On January 12th 2017, the Europcar Group signed a worldwide commercial partnership with Shouqi Car Rental, a leading car rental company in China. This adds another fundamental brick in the Group’s global footprint in a key market with high potential. 

On February 17th 2017, Europcar Group made the acquisition of the remaining 25% minority stake in Ubeeqo which was held by the company’s founders. As a result, Europcar Group now owns a 100% of Ubeeqo.

On February 27th, the French Antitrust Authority announced the dismissal of its case against the French car rental industry. This decision has no impact on the 2016 full year results.

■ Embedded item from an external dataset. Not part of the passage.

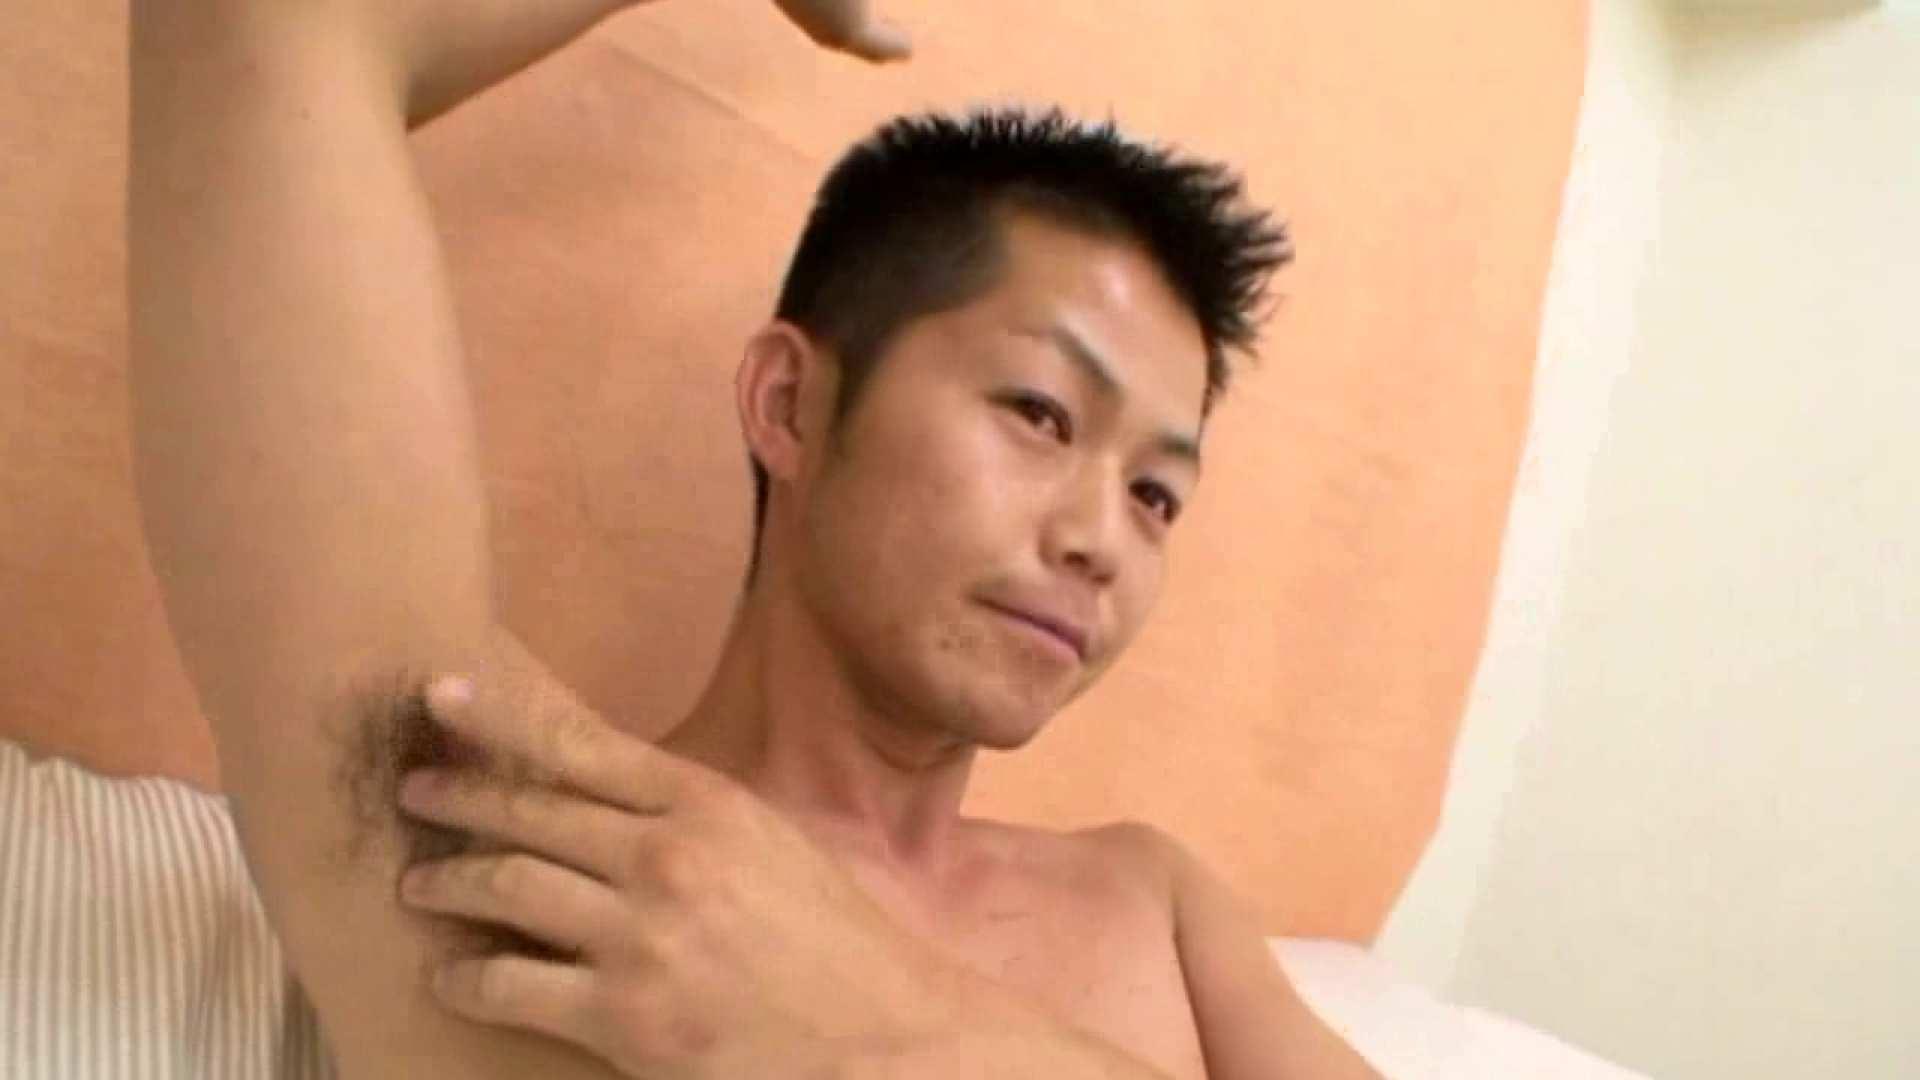 イケメン男子!盛りだくさん! フェラ天国 ゲイ丸見え画像 60pic 24

[1] Adjusted Corporate EBITDA is defined as current operating income before depreciation and amortization not related to the fleet, and after deduction of the interest expense on certain liabilities related to rental fleet financing. This indicator includes in particular all the costs associated with the fleet. See “Reconciliation with IFRS” attached.

[2] The Operating Free Cash Flow conversion rate is defined as Adjusted Corporate Operating Free Cash Flow / Adjusted Corporate EBITDA expressed as a percentage.